Man in the Shadows : A Short Novel and Six Stories
- Author: Peter Corris
- Language: English
- Series: Cliff Hardy
- Genre: Crime fiction story collection
- Publisher: Allen and Unwin
- Publication date: 1988
- Publication place: Australia
- Media type: Print
- Pages: 195
- ISBN: 0043202268
- Preceded by: The January Zone
- Followed by: O'Fear

= Man in the Shadows : A Short Novel and Six Stories =

1988 crime story collection by Australian writer Peter Corris

Man in the Shadows : A Short Novel and Six Stories is a 1988 Australian collection of crime stories by Peter Corris.

It was the eleventh book, and third story collection, featuring the author's continuing character Cliff Hardy.

==Contents==
- "Man in the Shadows" - novella
- "Cloudburst" - short story
- "High Integrity" - short story
- "Box On!" - short story
- "The Deserter" - short story
- "Byron Kelly's Big Mistake" - short story
- "Norman Mailer's Christmas" - short story

==Critical reception==
Writing in The Canberra Times reviewer Mark Thomas called it "a hard-boiled pot-boiler... The stories represent thin, flat padding, especially one in which we are asked to believe that the army engages in clandestine operations in New Caledonia. The novel is far more enticing, and turns out to be as brisk, witty and acute as earlier Cliff Hardy stories."

In The Sydney Morning Herald Stephen Knight noted the "rather grim and resolute ending."

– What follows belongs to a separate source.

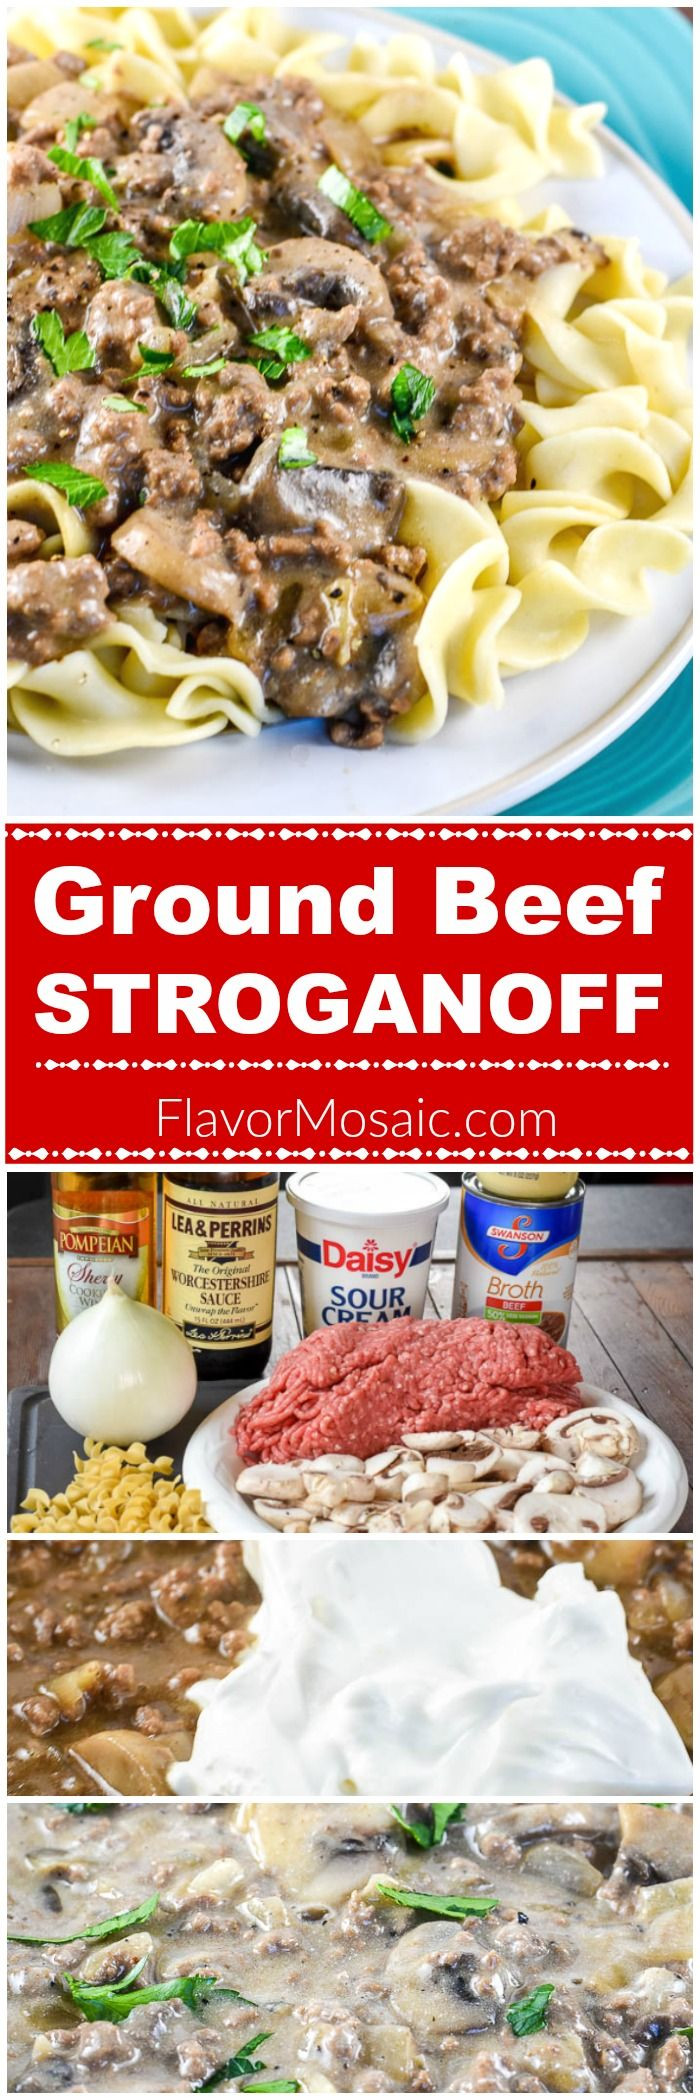 Ground Beef Stroganoff Cream Of Mushroom
 This easy 30 minute Ground Beef Stroganoff recipe omits

Ray Davie in The Age called the novella "a readable, lively story, but lacks the rich texture of some earlier Hardy yarns" and thought "the short stories are deftly done."

==Publication history==
After the collection's initial publication in 1988, it was reprinted as follows:

- Bantam Books, USA, 1991
- Allen and Unwin, Australia, 2014

==Notes==

In the lead-up to the publication of the collection, Corris was interviewed for The Age newspaper by Candida Baker.